Levitando

Éstos vienen pretenciosamente pegando fuerte. Nos dirán que todo lo hicimos mal, que ellos sí que lo resuelven. Que nos doblegamos demasiado pronto, que somos unos traidores: a Euskadi, a la República, a la revolución, al Quinto Regimiento y a la décima utopía. Y seguro que tienen razón. Después de tantos años aprendiendo cómo se hacen las cosas bien…

Una de las pruebas de que hace tiempo entraste en la senectud es que no entiendes nada y, lo que es peor, que nadie parece entenderte a ti. Que eres un prototipo de los que describe Félix de Azua -pues él también desconoce el entorno en que empieza a vivir y es muy sensible a lo que nos pasa-, que demuestra con todo realismo y crueldad que estamos fuera de órbita al indicar que los escritores hoy de adoración son los que en su día repudiamos nosotros, y los deseos actuales de la gente, dispuestas a triunfar mágicamente en la vida mediante Gran Hermano u Operación Triunfo, denuncia, nos escandalizan. Vivimos fuera de la corriente, siendo, pues, unos incorrectos. Nostálgicos de nuestras viejas batallitas y de nuestros muchos errores, de los que jamás pediremos perdón, porque otros los van a cometer más gordos -de eso estamos testarudamente convencidos, a la vez que agradecidos a nuestros enemigos porque no nos dejaran ganar-, esperando nuestra hora entreteniéndonos, cual fantasmas de tragedia, yendo levitando de estancia en estancia. Si osas bajar al suelo te arrean un estacazo o una descarga eléctrica para acostumbrarte como a los perros de Pavlov y no te andes con tonterías. Sólo nos queda morir prematuramente o recibir descargas.

Quizás nos hayan metido demasiado pronto en la vejez, que puede ser una queja que se ha repetido desde los orígenes de la Humanidad y resulte muy poco original. Éstos que vienen llegan pretenciosamente pegando fuerte, cual los yuppies de Manhattan (perdonen esta comparación, pero vengo de allí y me ha dejado aquello muy impresionado, que lo mío es el Lunes de Gernika y no mucho más). Yuppies que siempre van detrás de un café, los auriculares puestos oyendo las cotizaciones de Bolsa, con una bolsa, la otra, ésta de papel y más modesta, bajo el brazo con un miserable bocadillo por toda comida comprado en el chino de la esquina. Menos de dos dólares, ¡tacaño!, pero dispuesto el yuppie a matar por el triunfo, y que caiga hasta el apuntador. Un triunfo que, al contrario que el que nosotros deseábamos cuando podíamos algo desear, no es colectivo; éste es más individualista que el de la vedette bajando la escalinata.

El yuppie neoyorquino que se parece a los de aquí -al fin y al cabo, el metro cuadrado de la Gran Manzana está al mismo precio que el del garaje para residentes que dentro de poco vendrá el alcalde a inaugurar al lado de mi casa, y hasta se atreverá a decir que es una obra social- no se parece en nada a lo que fuimos. Es evidente que nosotros nada tenemos que ver con vedettes; eso Millán Astray, que era varias generaciones anterior y no recibió el jarabe de la pureza del nacionalcatolicismo y que anduvo con la más famosa, ni con los yuppies, que son los de ahora, y compran asqueroso café en establecimientos de franquicia americana donde ni siquiera venden cerveza.

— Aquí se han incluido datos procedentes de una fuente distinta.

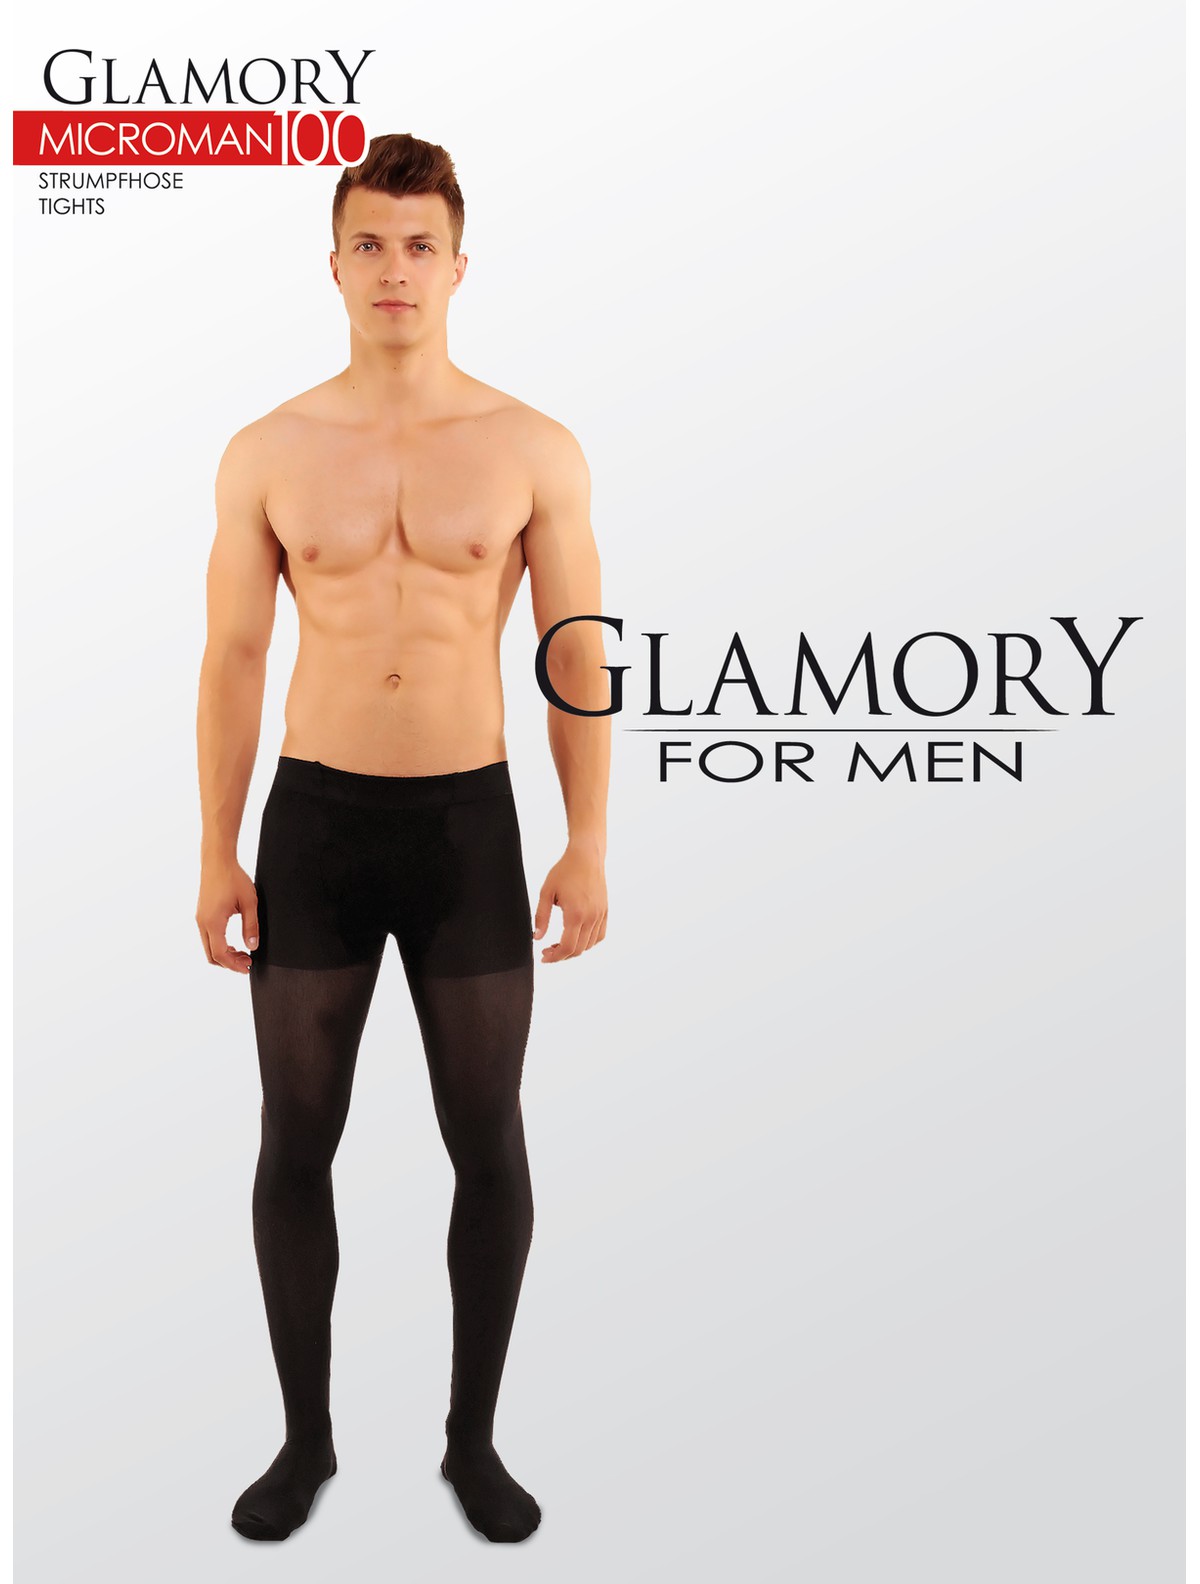 Glamory for Men Microman 100 Strumpfhose - schwarz

Tomando el sol sentados en la plaza del pueblo con las manos apoyadas sobre la cachaba, soñando que aparezca la señora de buen ver y le podamos, es todo un sano entretenimiento, enseñar cómo se utiliza la Visa para pagar la gasolina, vemos pasar los días. ¡Es la última ilusión! Que nos la respeten; al menos ésta es inocente. Pero me temo que no. Nos dirán que nada de fantasías seniles, que todo lo que hicimos lo hicimos mal, que ellos si que lo resuelven. Que nos doblegamos demasiado pronto, que por eso casi, o sin casi, somos unos traidores. Traidores a Euskadi, a la República, a la revolución, al Quinto Regimiento y a la décima utopía según se dobla a la izquierda. Entonemos todos a coro «oh Che camino, patria o muerte es mi destino» del libro de cánticos situado en el reclinatorio.

Y seguro que tienen razón. Después de pasarse tantos años aprendiendo cómo se hacen las cosas bien nos tienen que dar sopas con honda. Porque, claro, qué sabíamos nosotros, qué libros podíamos leer que no fueran los de la JOC, la Juventud Obrera Católica, que no sufrían tanta censura. Qué sabíamos nosotros, cuyo único modelo era el de nuestros vencedores. Nosotros no sabíamos nada. Sólo que la libertad se conquista y no se coge de un supermercado.